Physical characteristics
- Source: Noguera Pallaresa
- Length: 34 km (21 mi)

= Flamicell =

River in Spain

The Flamicell, or Flamisell is a river in the province of Pallars, Catalonia, Spain. It is 34 km long and is a tributary of the Noguera Pallaresa. This river is known for the variation in flow depending on the time of the year and the meteorological conditions. The flow is also very strong because it brings water from many different lakes, one of them being the Lake Gento (see Cabdella Lakes). In 1937, the flow was so strong that it destroyed the hydroelectric station in Cabdella and brought to La Pobla de Segur a flow of 700 m³/s.

Its name is derived from the Latin word flamicellu which means small river.

== Course ==
The source of the river is in Cabdella and it flows south passing the town of La Pobleta de Bellvei and the village of La Plana de Mont-ros. Two tributaries join it and the river reaches its maximum width. A few kilometres later it passes La Pobla de Segur and joins the river of Noguera Pallaresa just above the Sant Antoni reservoir.

== Hydroelectric energy ==
This river has been used to generate hydroelectric energy for more than a hundred years.

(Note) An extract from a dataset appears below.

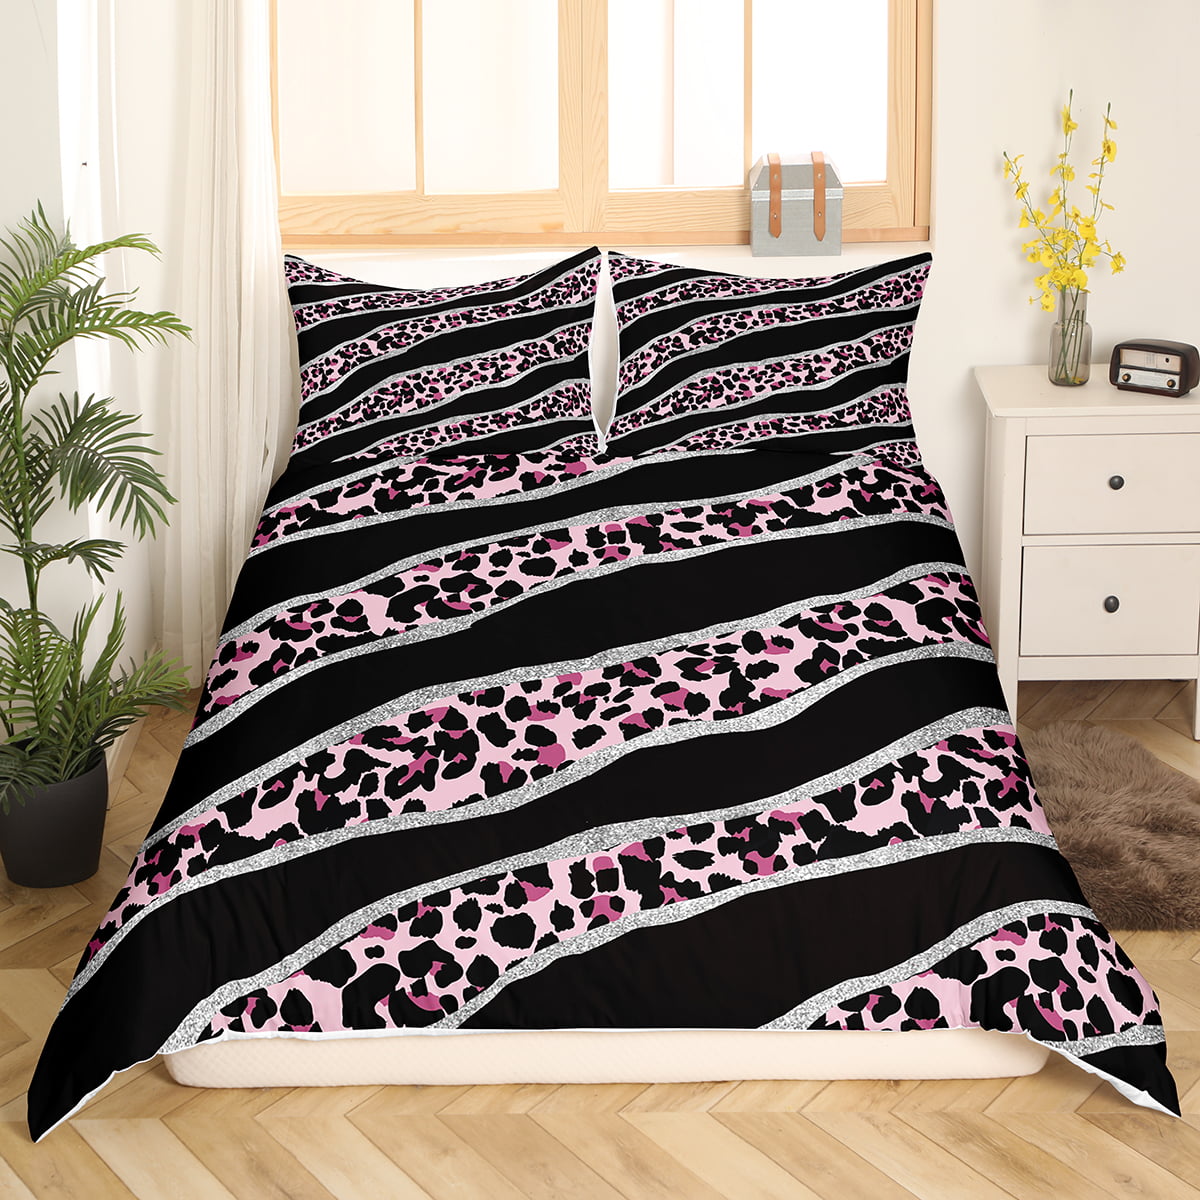 YST Cheetah Print Comforter Cover Pink Leopard Bed Sets for Kids

There are four hydroelectric power stations along the river located at La Pobla de Segur, Cabdella, La Plana de Mont-ros and Molinos.

== Conditions ==
This river has a very good oxygen saturation of a 77% and 5 mg/L of nitrates. That indicates that the river is in very good natural conditions.

== Fish ==
The main fish that live in this river is the common trout. It has been confirmed that the 95% of this species, opposite from the salmon, do not reach the sea. Also the 95% of the common trout that live in this river have an average movement of fifty meters. Which means that only a 5% of them travel for distances longer than 500 meters.